The following was actually turned in by two English students:

Rebecca (last name deleted) and Gary (last name deleted).

STORY:

(First paragraph by Rebecca):

At first, Laurie couldn't decide which kind of tea she wanted. The chamomile, which used to be her favourite for lazy evenings at home, now reminded her too much of Carl, who once said, in happier times, that he liked chamomile. But she felt she must now, at all costs, keep her mind off Carl. His possessiveness was suffocating, and if she thought about him too much her asthma started acting up again. So chamomile was out of the question.

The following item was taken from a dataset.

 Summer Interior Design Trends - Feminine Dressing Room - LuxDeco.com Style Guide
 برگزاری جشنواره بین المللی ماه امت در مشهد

(second paragraph by Gary)

Meanwhile, Advance Sergeant Carl Harris, leader of the attack squadron now in orbit over Skylon 4, had more important things to think about than the neuroses of an air-headed asthmatic bimbo named Laurie with whom he had spent one sweaty night over a year ago. "A.S.Harris to Geostation 17," he said into his transgalactic communicator. "Polar orbit established. No sign of resistance so far..." But before he could sign off, a bluish Particle beam flashed out of nowhere and blasted a hole through his ship's cargo bay. The jolt from the direct hit sent him flying out of his seat and across the cockpit.

(Rebecca)

He bumped his head and died almost immediately but not before he felt one last pang of regret for psychically brutalizing the one woman who had ever had feelings for him. Soon afterwards, Earth stopped its pointless hostilities towards the peaceful farmers of Skylon 4. "Congress Passes Law Permanently Abolishing War and Space Travel," Laurie read in her newspaper one morning. The news simultaneously excited her and bored her. She stared out the window, dreaming of her youth, when the days had passed unhurriedly and carefree, with no newspapers to read, no television to distract her from her sense of innocent wonder at all the beautiful things around her. "Why must one lose one's innocence to become a woman?" she pondered wistfully.

(Gary)

Little did she know, but she had less than 10 seconds to live. Thousands of miles above the city, the Anu'udrian mothership launched the first of its lithium fusion missiles. The dim-witted wimpy peaceniks who pushed the Unilateral Aerospace Disarmament Treaty through the congress had left Earth a defenceless target for the hostile alien empires who were determined to destroy the human race. Within two hours after the passage of the treaty,The Anu'udrian ships were on course for Earth, carrying enough firepower to pulverize the entire planet. With no one to stop them, they swiftly initiated their diabolical plan. The lithium fusion missile entered the atmosphere unimpeded. The President, in his top-secret Mobile submarine headquarters on the ocean floor off the coast of Guam, felt the inconceivably massive explosion, which vaporized poor, stupid, Laurie and 85 million other Americans. The President slammed his fist on the conference table. "We can't allow this! I'm going to veto that treaty! Let's blow'em out of the sky!"

(Rebecca)

This is absurd. I refuse to continue this mockery of literature. My writing partner is a violent, chauvinistic semi-literate adolescent.

(Gary)

Yeah? Well, you're a self-cantered tedious neurotic whose attempts at writing are the literary equivalent of Valium. "Oh shall I have chamomile tea? Or shall I have some other sort of F*CKING TEA??? Oh no, I'm such an air headed bimbo who reads too many Danielle Steele novels."

(Rebecca)

*******.

(Gary)

*****.

(Rebecca)

Wanker.

(Gary)

Slut.

(Rebecca)

Get f*cked.

(Gary)

Eat sh*t.

(Rebecca)

F*CK YOU - YOU NEANDERTHAL!!!

(Gary)

Go drink some tea - whore.

**********************************************

(Teacher) A+

I really liked this one.


----------